It seems like a critically-acclaimed book can’t be released anymore without a movie following hot on its heels. Twilight (oh boy) is due for its next installment sometime in the future but Harry Potter just wrapped up, so fans of books may be wondering where to look for legitimate cinema. Well, The Hunger Games is a good answer to that question.
Just as a disclaimer, I haven’t read the books but I saw the movie with an avid fan of them, and from what I hear the differences between the two media are few and far between, and none detract from the plot. Right there you have a ringing endorsement for most fans of the books.
Since I’m not here to review the book, that’s where the discussion of that ends. The movie follows the dystopian story of the young Katniss Everdean, who finds herself involved in the Hunger Games. This brutal fight to the death between 24 members of the Districts of Panem is held every year in order to keep the Districts in line through fear, which has worked well for the last 73 years; Katniss will turn out to be a wrench in the gears, though.
Jennifer Lawrence was an excellent choice to play the part. Her understated, almost plain good looks complement her at times stoic character and seem to perfectly fit the District she represents (To clarify at Twilight’s expense: just because Katniss is at times stoic does not by any means say she’s bland and one-dimensional like Kristen Stewart). She is a superb actor, and is able to convey many emotions through very little, which is essential to this story.
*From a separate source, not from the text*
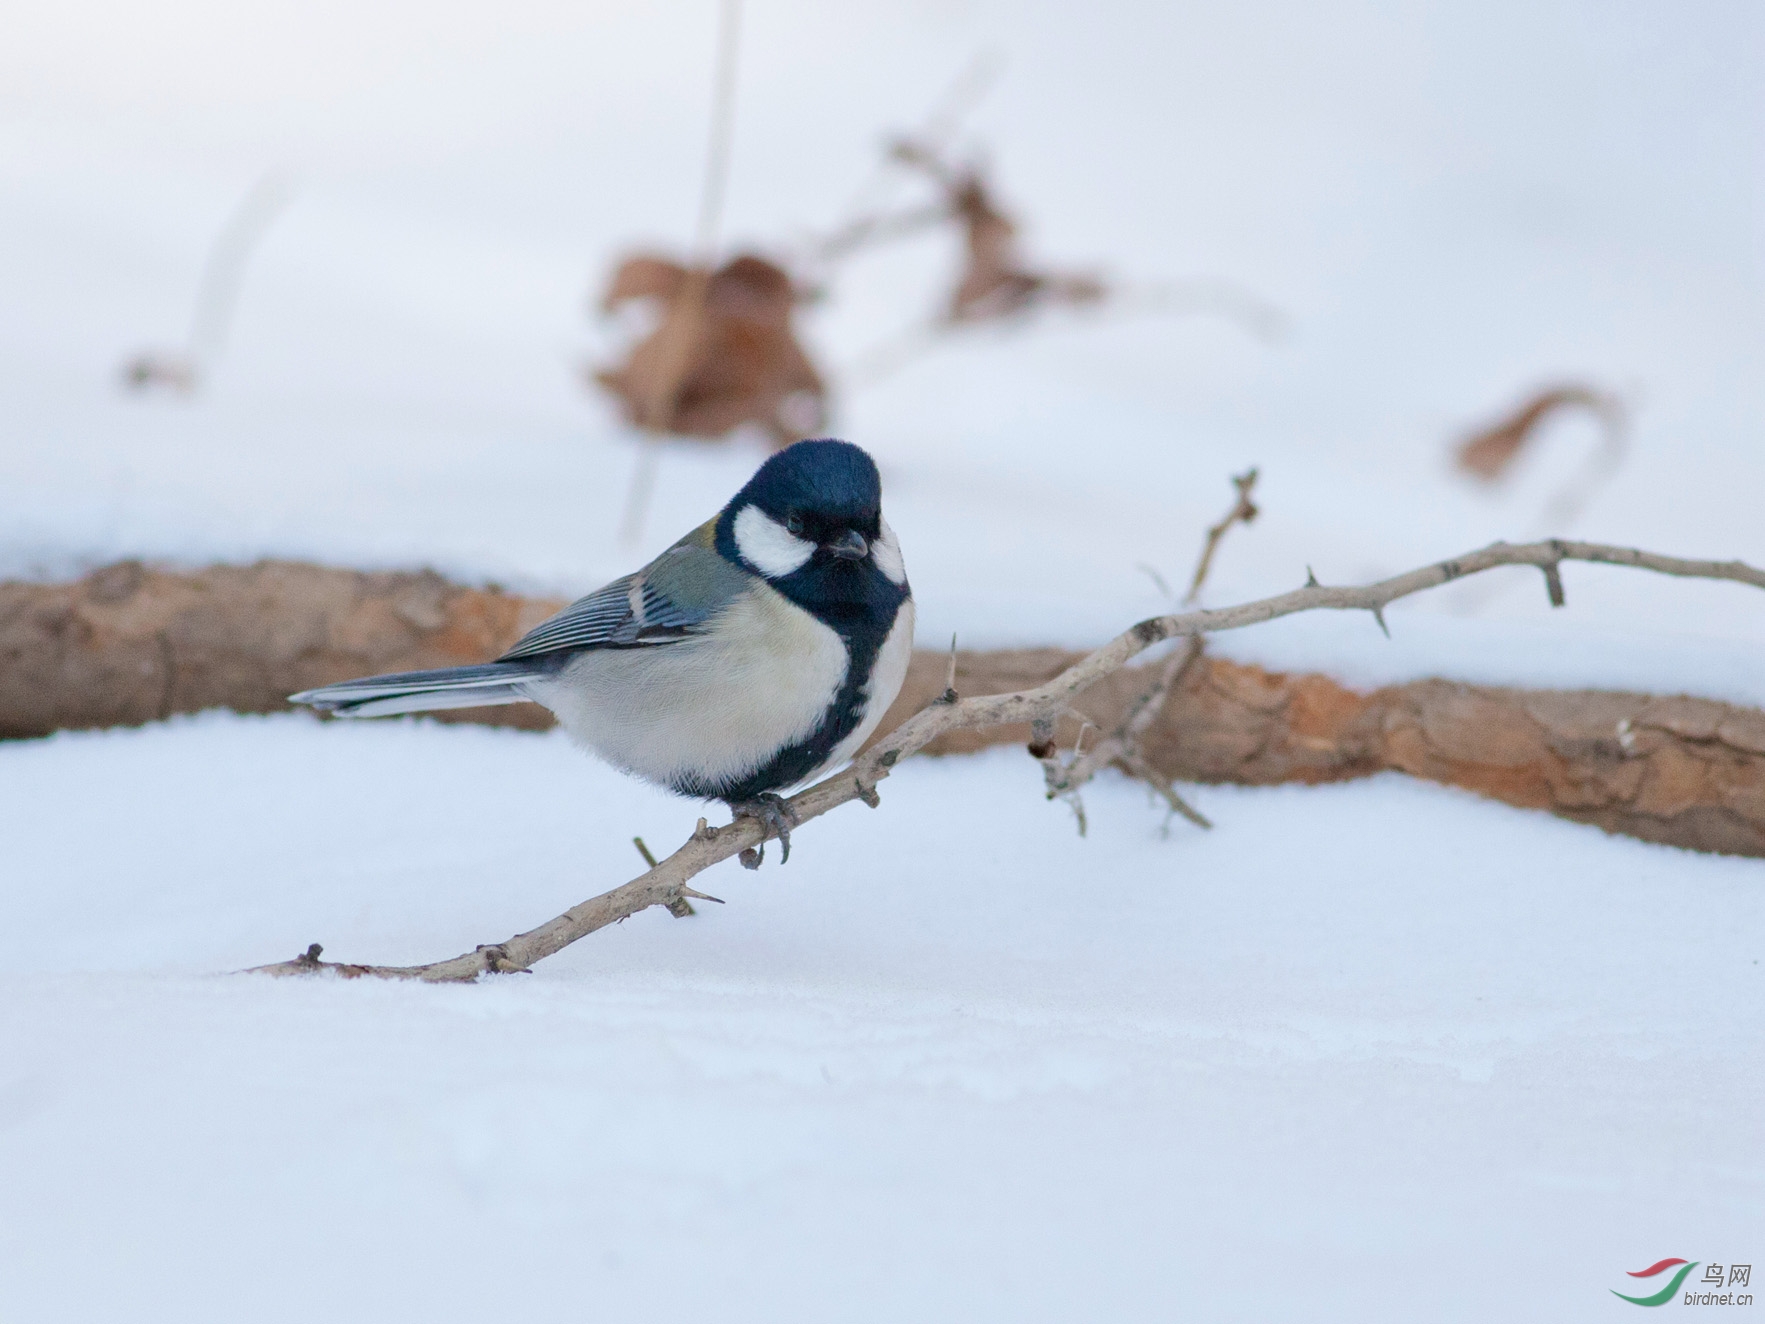 下雪了,去看看雪后小鸟,该走的都走了,看到的都是留鸟了.
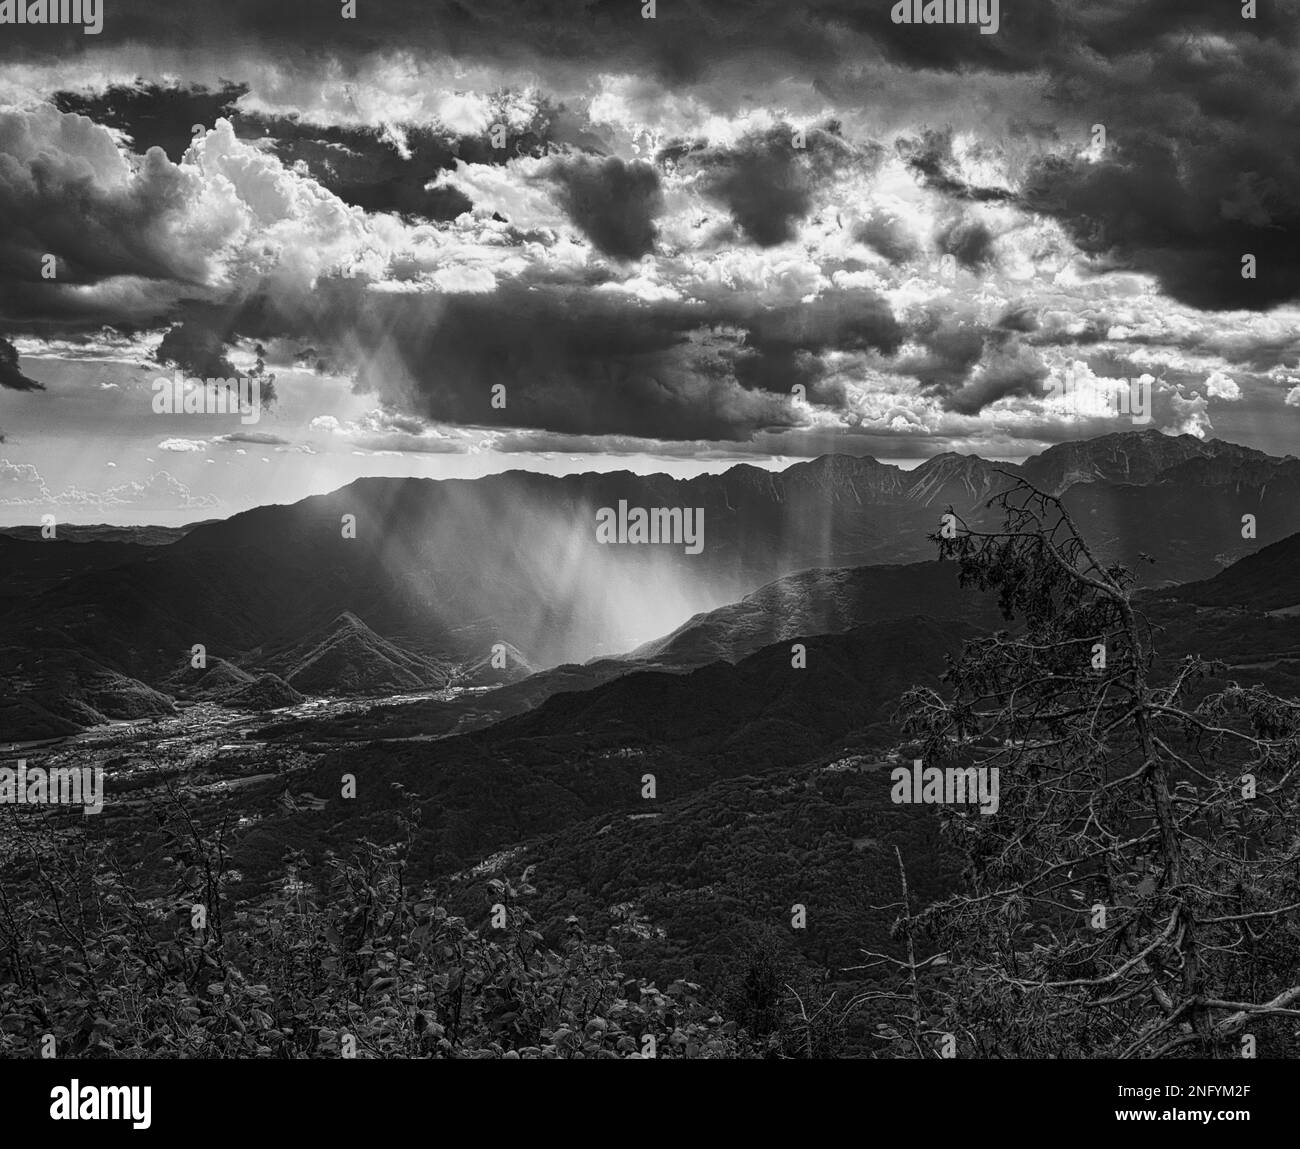 Ein großer Blickwinkel auf die Landschaft in Schwarz-Weiß. Stockfoto

Not only was the casting good, but so was the character development in the film. This is often hard to translate from a 300-page novel to a two hour movie, but it was done very well. The special effects are also a plus. The Capitol is especially impressive, although the Dr. Seuss-esque costumes of the aristocrats may be a little too over-the-top. Nothing visual ever removed me from the action, which speaks highly of the design.
I only had two gripes: the first is that of Prim’s actress (and character, possibly), who did nothing but annoyingly wail incoherently. If that wasn’t enough of a headache, my second gripe added to it immensely. The camera work early in the film was horrendous, with the camera often a foot from the character’s face and shaking, if not 100 yards from the character and shaking. It was an attempt to convey some kind of emotion I wasn’t feeling, and thankfully it stopped less than half way through the movie.
There’s a lot to suggest this movie. It manages to add feeling to a brutal concept and speaks to deeper things about human nature than killing and death. I was pleasantly surprised, and the only reason this didn’t get its fifth star is because of the few flaws I mentioned and minor pacing issues. In general, The Hunger Games is a pleasure to watch.